The exploitation of unpublished documents from foreign and Romanian archives, the re-examination of the cultural settlements of Bessarabia and of Romanian cultural personalities. By bringing old books and manuscripts into print, Paul Mihail’s studies on monasteries, churches, ecclesiastical and cultural personalities will continue to enrich our knowledge of the history of Romanian culture in Bessarabia. Paul Mihail’s writings on Bessarabia occupy a predominant place in his oeuvre (more than 200 bibliographical titles), beginning with the study on parish libraries published in the journal Luminătorul in Chișinău in May 1928 and ending with his last work, published in one volume by Ed. Academiei, Romanian-language documents printed in Bessarabia (1812-1830), published in 1993, which was awarded the “E. Hurmuzaki” prize. For all the hardships and shortcomings he endured, God rewarded him with the joy of writing, of discovering unpublished works and discoveries for Romanian historiography. The longing for his homeland and the great pain he carried in his soul all his life for his Romanian brothers on the other side of the Prut, torn from the bosom of the motherland by the empire of the Antichrist, led him to write about Bessarabia, to prove its Romanianness and the continuity of the pure Romanian language, especially in the villages. (I will only mention the study Priests Fighting for the Romanian Language until the Political Completion of the Romanian National State in 1918, for the publication of which he struggled for years until it appeared in the journal Mitropolia Moldovei și Sucevei, no. 10-12/1983, pp. 674-681).

His scientific works, for which he had collected documentary material since his youth, since they mostly concerned Bessarabia, could not be published after 1944. For more than three decades, he approached all the historical-scientific publications in order to publish new contributions to the old Romanian bibliography, with unpublished testimonies concerning the prints of Bessarabia from 1812-1918. The Academia publishing house officially replied that it could not include them in the bibliographical journal because “they contain references to deposits in a territory that is not part of the Romanian P.R.”. And the History Journal also cited circumstantial reasons. It was only in 1985, thanks to the courage of the historians Stefan S. Gorovei and Leon Simanschi, from the editorial staff of the Historical Yearbook of the “A. D. Xenopol” Institute in Iasi, that the publication of this documentary evidence of Romanian culture in Bessarabia, from the 16th to the 20th century, began. XIX. CENTURY. However, the name Bessarabia could not be mentioned and crosses were used for the fragments that were omitted from the text.
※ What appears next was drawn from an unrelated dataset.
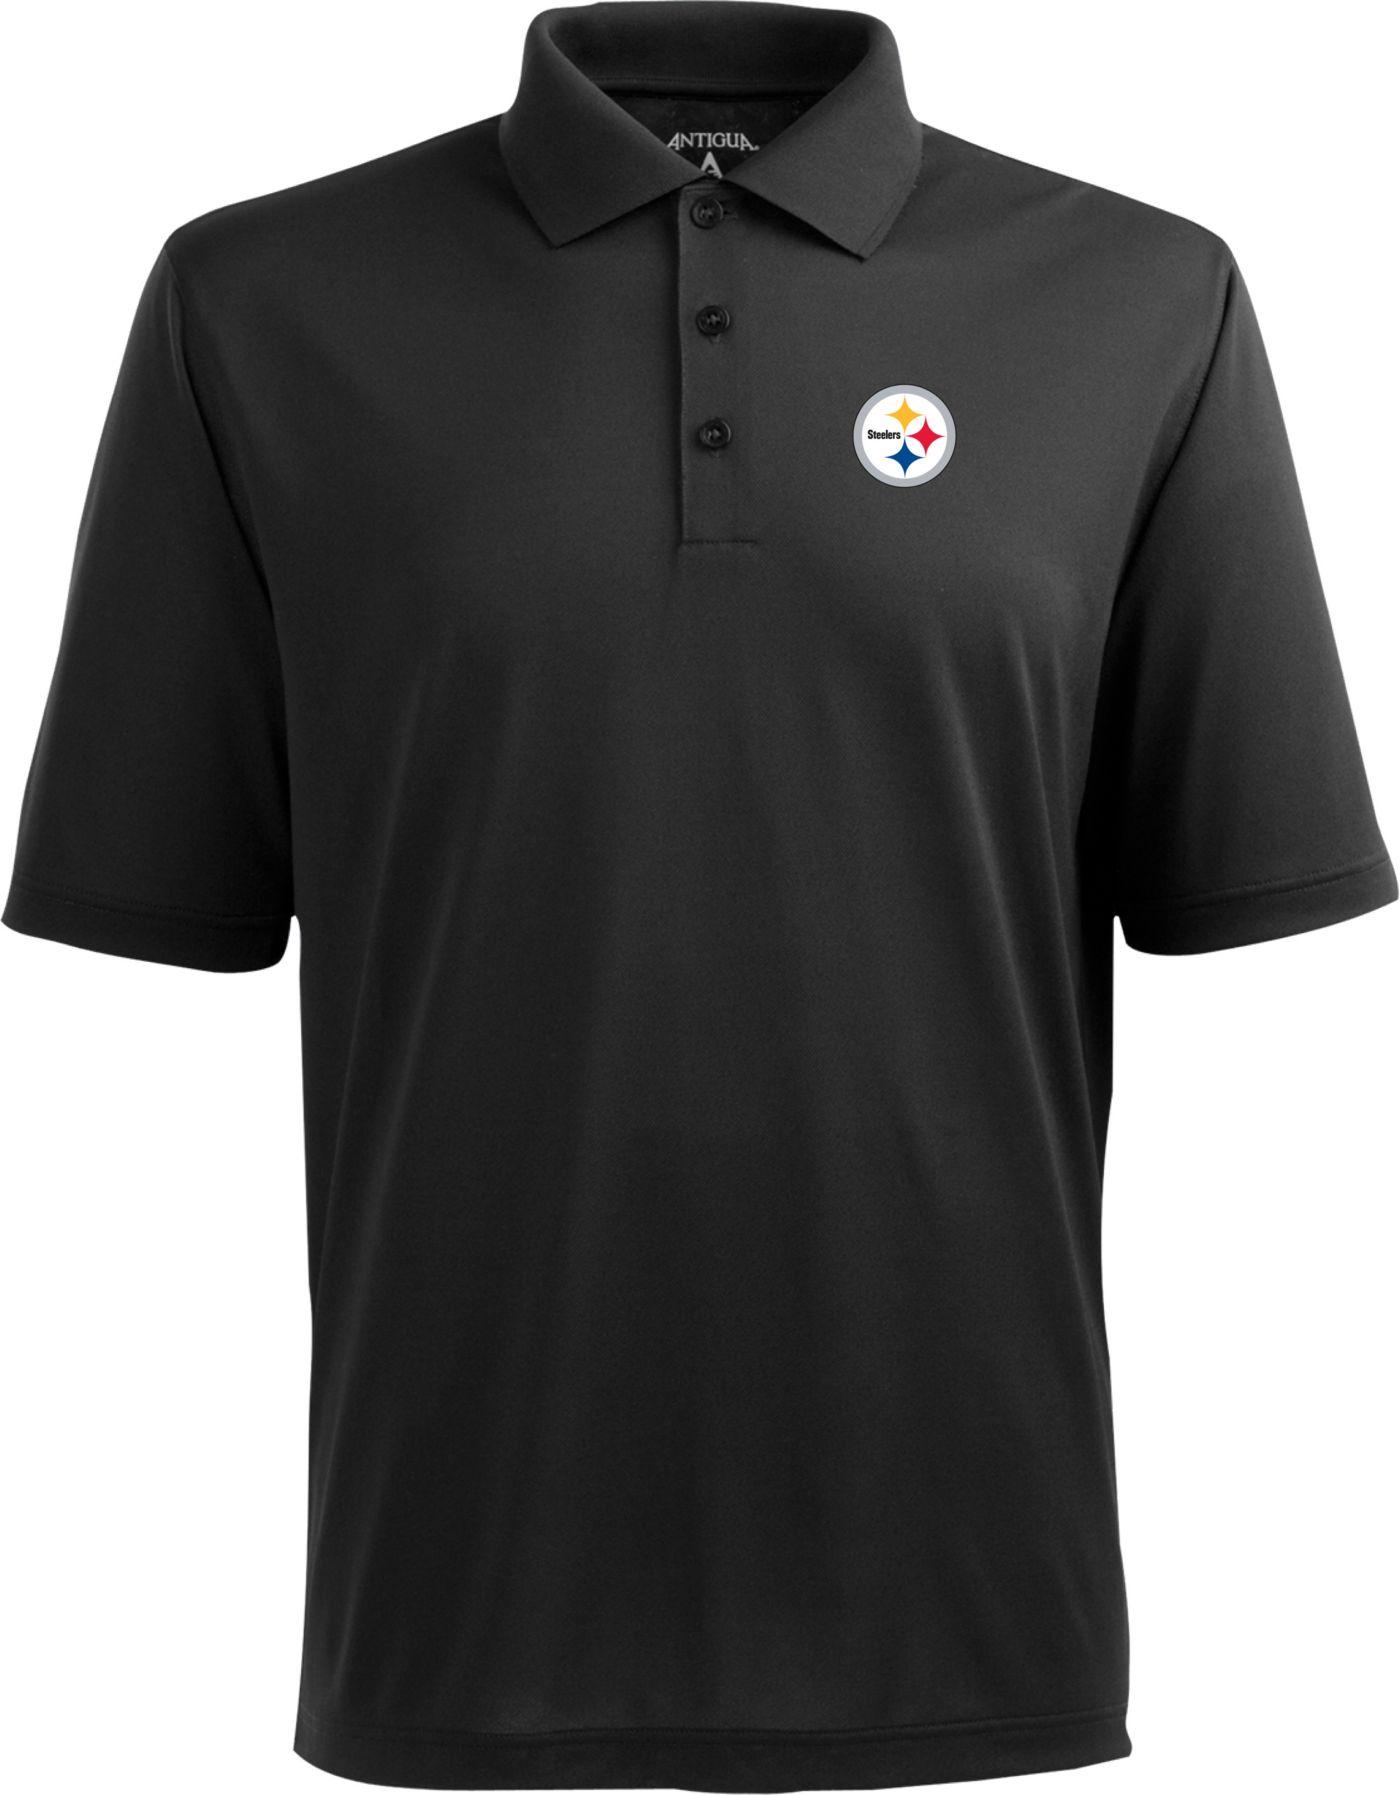 Antigua Pittsburgh Steelers Pique Xtra-Lite Black Polo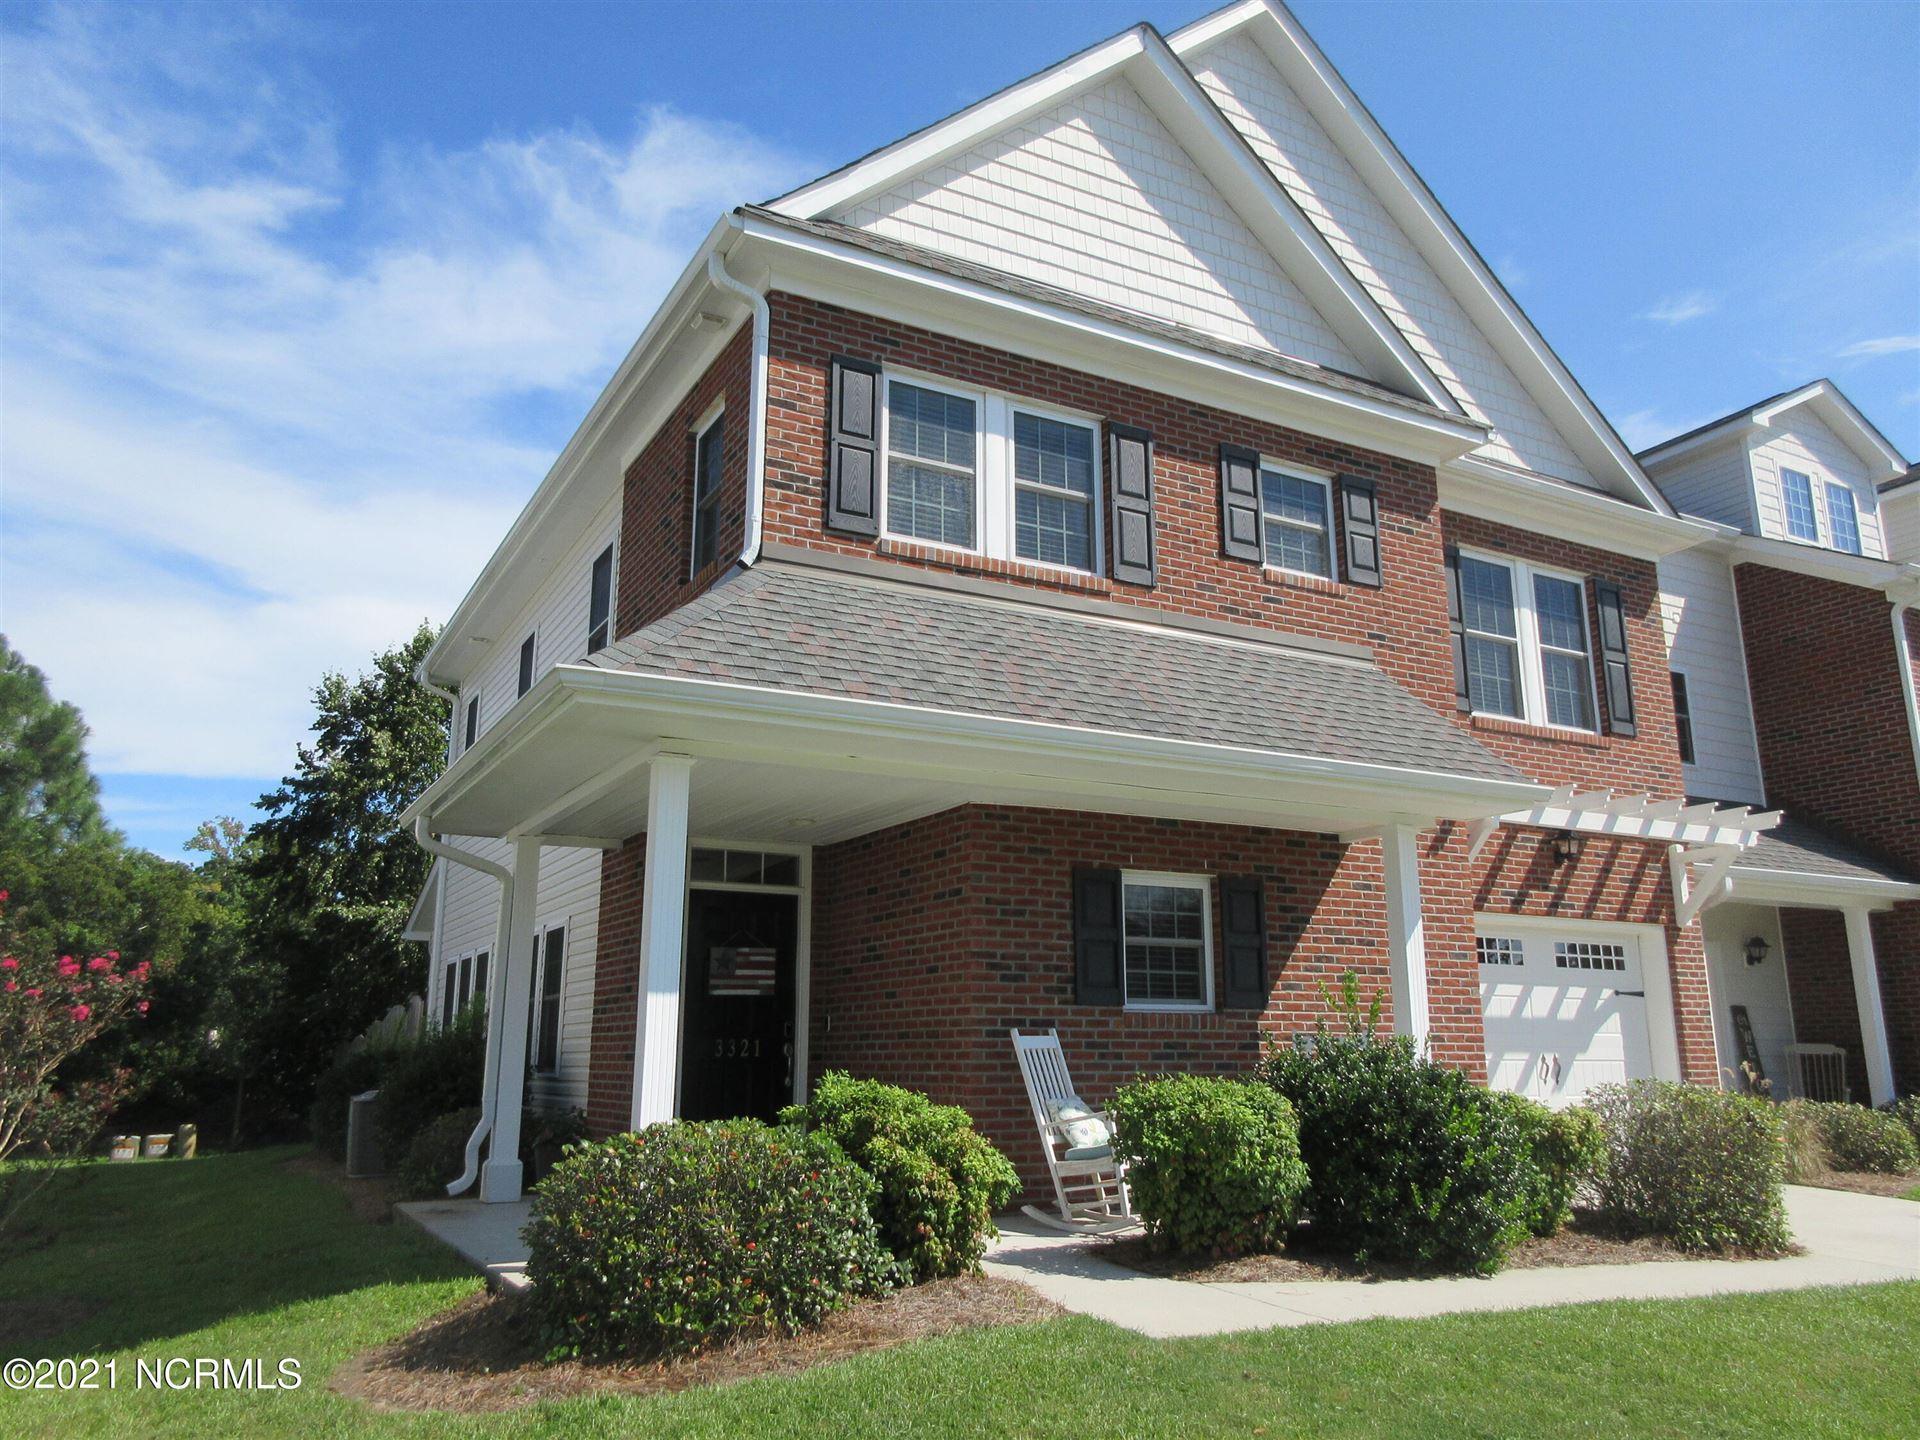 Photo of 3321 Jasper Place, Wilmington, NC 28409 (MLS # 100288077)

Between 1941 and 1945, he was the director of the Church Museum in Chișinău, of art and religious books. He enriched the exhibits of the museum and discovered rare pieces of the national heritage. (In the manuscript there is a moving and tragic article Ten years of wandering of the Church Historical Museum, which he could not print). During the same period, he also held other scientific positions: 1929-1938, secretary of the Historical Monuments Commission of the Basarabia Region, and between 1932-1944, member of the Ecclesiastical-Historical-Archaeological Society of Bessarabia.

Since 1940, he was a collaborating member of the A.D. Xenopol Historical Institute in Iași, since its foundation, and since 1990, an honorary member. His posthumous contributions were published in the last volume of the Institute’s Yearbook, 1995. A member of the Romanian Slavic Association, he participated and presented papers at the national congresses of Slavicists (Sofia – 1963; Prague – 1968; Warsaw – 1973; Suzdal – 1982) and at numerous scientific meetings in the country. He took part in the National Congress of Historians in Bucharest in 1980.

What was the life of Paul Mihail and his family like from the first invasion of the Red Empire armies in Bessarabia (June 1940) until the end of his life? Under what conditions did he research and publish?

The period of exile, from 28 June 1940 to 11 July 1941, in Iași, and the second exile, from the summer of 1944, with 9 changes of residence, until 13 April 1946, when he was appointed priest in Iași, were the most difficult because of the hardships and difficult living conditions. But the years 1950-1955 and the years that followed were hard because of the harassment by the authorities, the constant surveillance, which was evident in the people who took notes of what was said in the church during the sermon or followed whom he met. The insecurity of the years in which he went to bed with his clothes on, in fear of being picked up and locked up, had psychological consequences.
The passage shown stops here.